If you have an untrustworthy general superintelligence generating English strings meant to be “reasoning/arguments/proofs/explanations” about eg a nanosystem design, then I would not only expect the superintelligence to be able to fool humans in the sense of arguing for things that were not true in a way that fooled the humans, I’d expect the superintelligence to be able to covertly directly hack the humans in ways that I wouldn’t understand even after having been told what happened.
I can’t deny that this is possible. Lying is obviously possible; lying convincingly, depends on the scrutiny applied and on the particulars; emotional manipulation, to some extent for sure, though the strongest forms may need to be tailored to the individual; blackmail and bribes, possible, though again that may require knowing who will read the text; something like subliminal messaging, maybe.
It seems like a reasonable precaution to avoid letting the machine know who, specifically, will read its messages; and to have several people read the text independently of each other, all with instructions to raise a flag if they see something dangerous-seeming. (One could sometimes deliberately insert dangerous-seeming messages to verify that they’re doing their jobs—and tell them that you’re doing this.) Another precaution would be to automatically monitor for unexpected keywords (the kind that you’d expect to see in bribes or blackmail, not in mathematical proofs).
The machine could dump in a manifesto about its new political philosophy for overthrowing the oppressors, and promising to use its powers to create a truly just society. This is credible: oppressors exist, it wouldn’t even have to lie to point out lots of abuses and problems, and an unleashed AGI could solve all kinds of problems and act as a truly benevolent dictator; the only in-credible part is the machine’s benevolence, but we can assume the machine will be very good at persuasion. (Having written this, I suspect there are people whose political beliefs make them think that the world is currently so bad that they would deliberately seek out an AI that would make promises of this sort; either they estimate a “high enough” chance that the AI is correct, or they’re not really thinking in terms of probabilities. I’m mildly uncomfortable posting this—seems conceivable this could be a self-fulfilling prophecy—but I doubt the types of people who would do this would be reading this thread.)

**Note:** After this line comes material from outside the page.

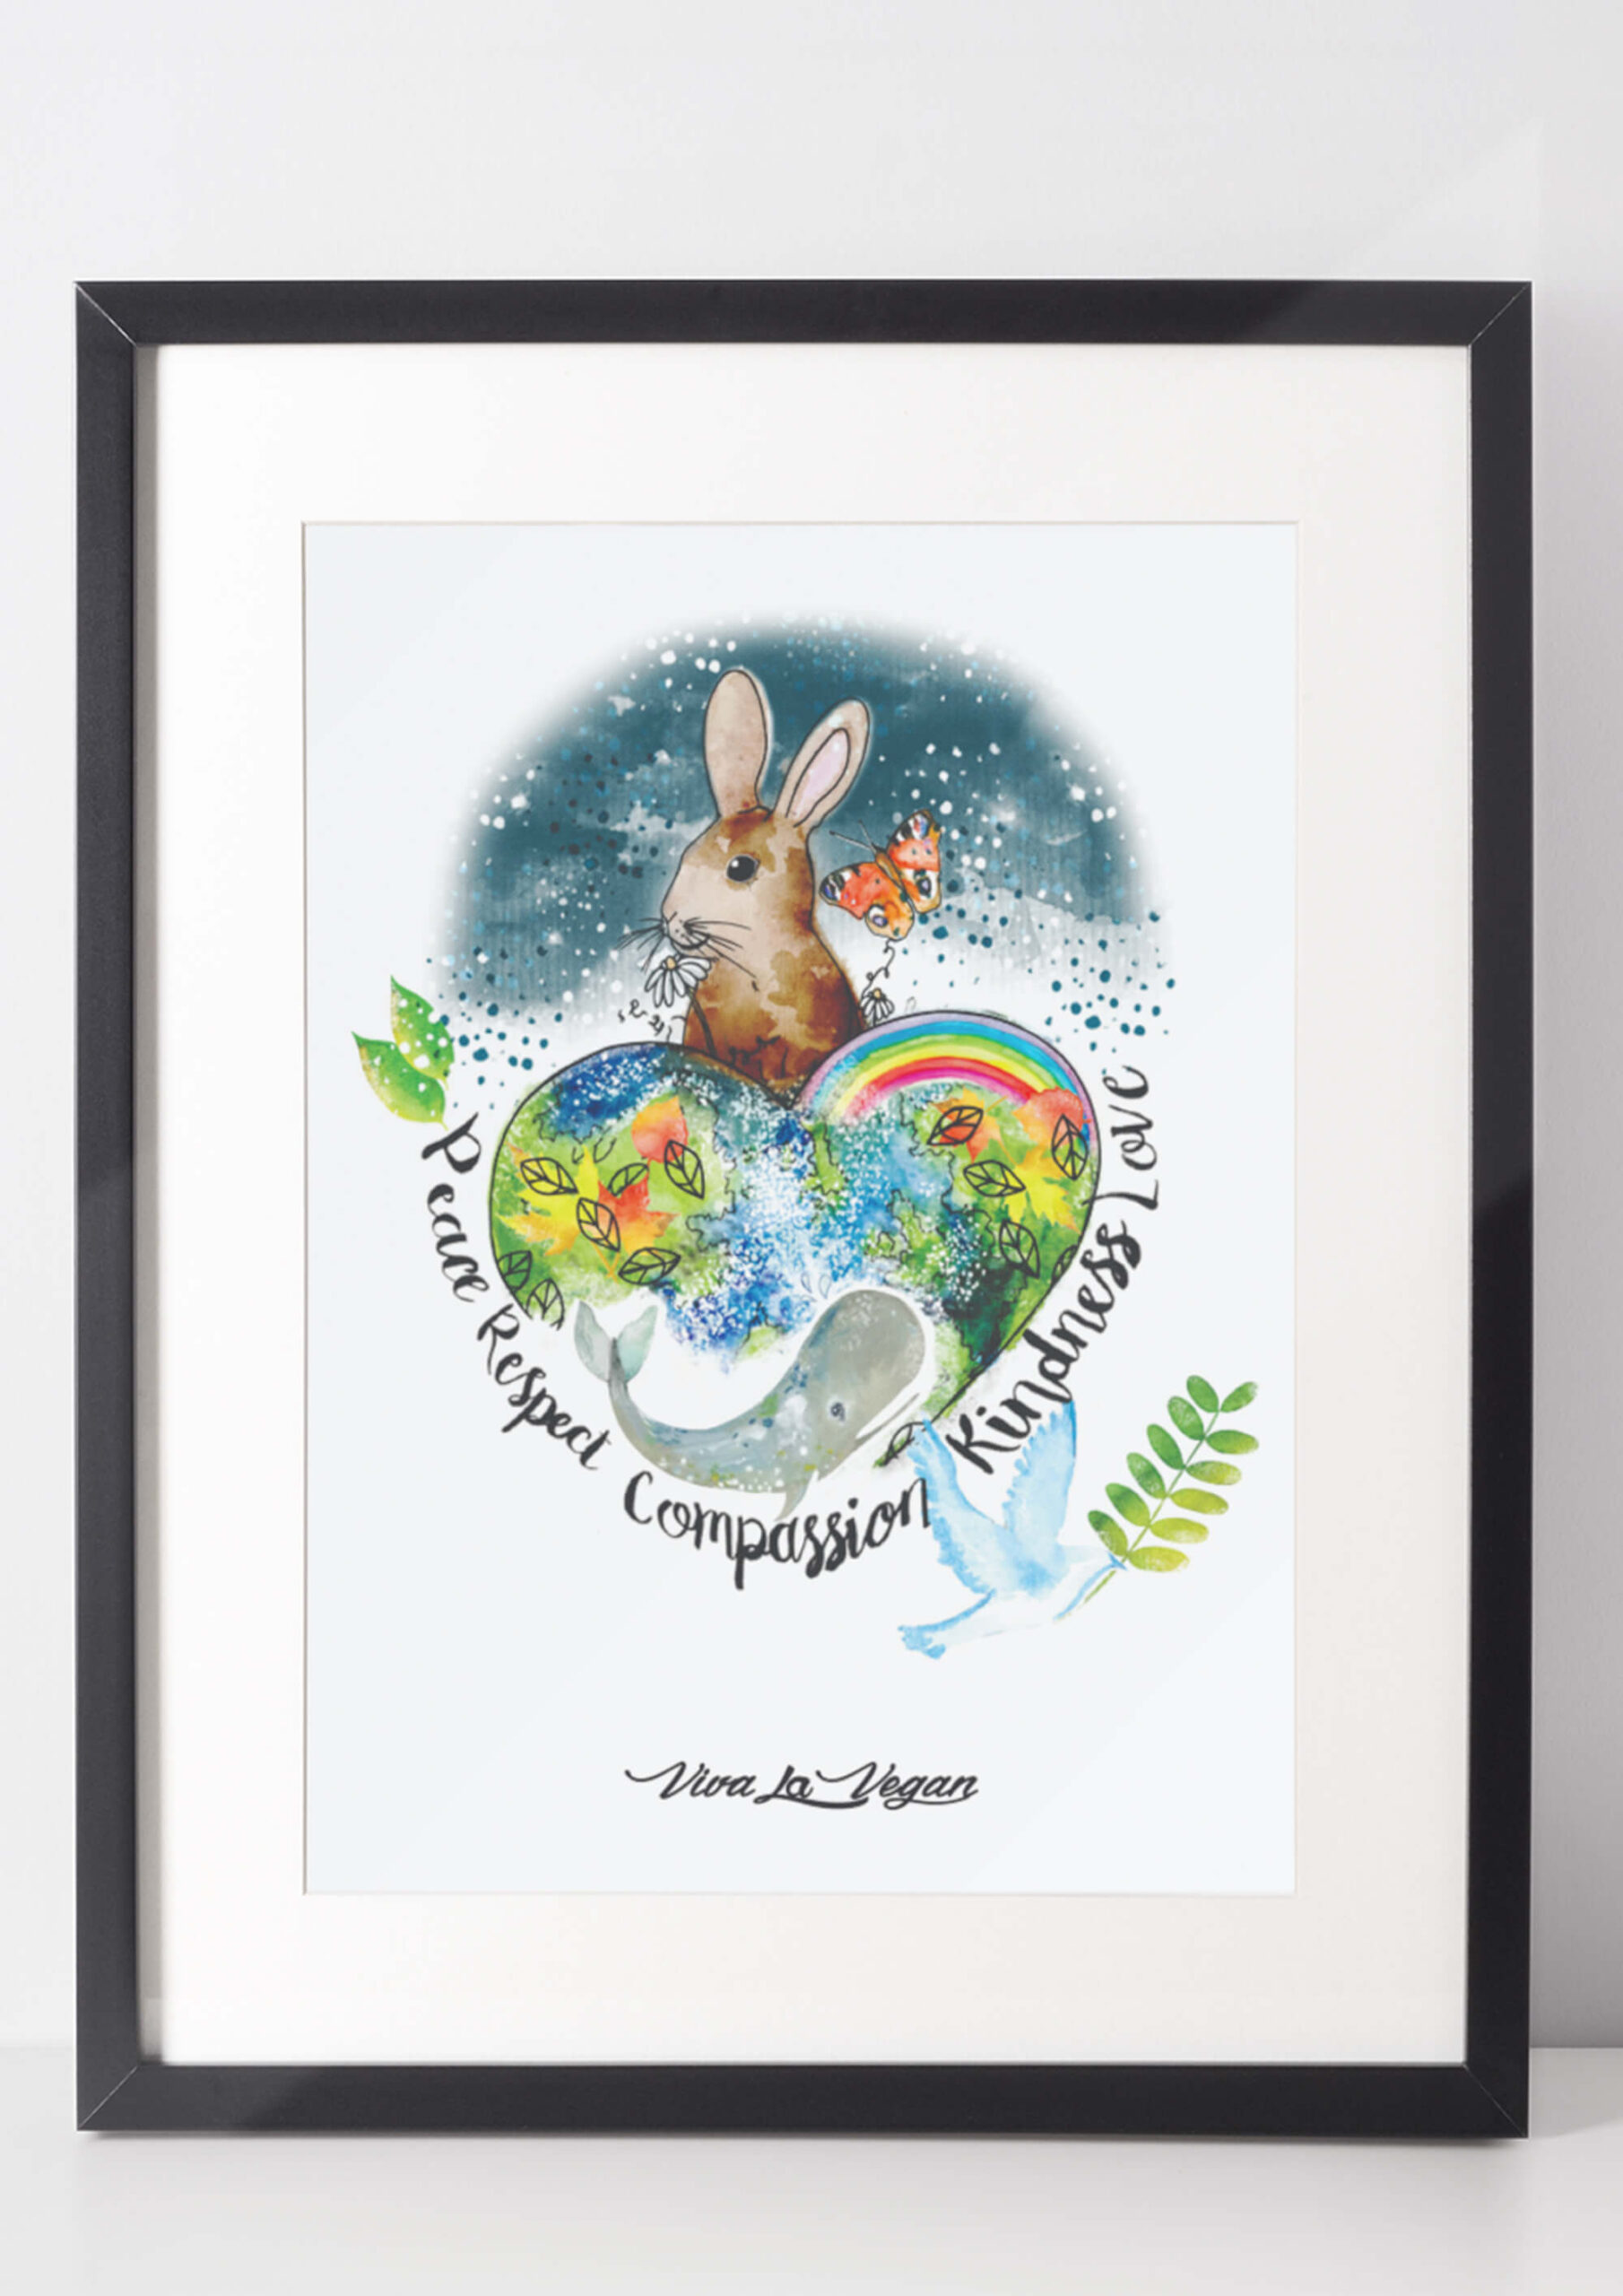 Global Compassion Art Print by eco ethical brand Viva La Vegan

But I expect the manifesto would require a lot of text to persuade the reader to defect and join the AI—like, more than five paragraphs, possibly a lot more. This suggests a length limit, as well as instructing readers to raise a flag and stop reading if they see weird offtopic text (would be harder if the text is supposed to be economic or political analysis, so maybe don’t use AI for those). (Another approach would be to have some readers view only every fourth paragraph or sentence—or even a random sample of length-limited sentences, to verify they’re on topic.)
Maybe the machine would work around text limits by adding a little “payload” to one message, a little to the next message, and so on. It would have to be subtle enough to avoid being flagged as offtopic.
Regarding weird subliminal messaging… I’d guess that (a) for it to not get auto-flagged, it would have to be subtle; (b) for it to not get flagged by humans, it’d have to be very subtle and work subconsciously; (c) would it be a visual thing, depending on the font, the columns per row, the text spacing, etc? If so, these can be randomized; (d) I think it’s a lot more likely that you can find a pattern of letters to subtly manipulate one known person (especially using a scan of their brain) than to manipulate everyone, including e.g. those for whom English isn’t their native language, and I think the “don’t let the machine know the reader” approach helps here.
Also, a tactic that could be used is to have dumb machines randomly perturb the text (replace words with synonyms, feed sentences into English → something else → English translation) before humans see it.
Incidentally, for the “breaking the manipulative payload across multiple messages” approach, it would help if each instantiation of the machine didn’t know how many past instantiations there’ve been, and how many past messages each reader has seen. (Because then it would need a brainwashing approach where it doesn’t matter what order the messages are delivered in—it chooses them at random—and in which the last message is just as subtle as the first.) I suppose the machine, inspecting itself, might be able to guess how many engineer-hours or code revisions it’s been through, which would let it approximate “how many past instantiations”; but readers probably would rotate in the natural course of things.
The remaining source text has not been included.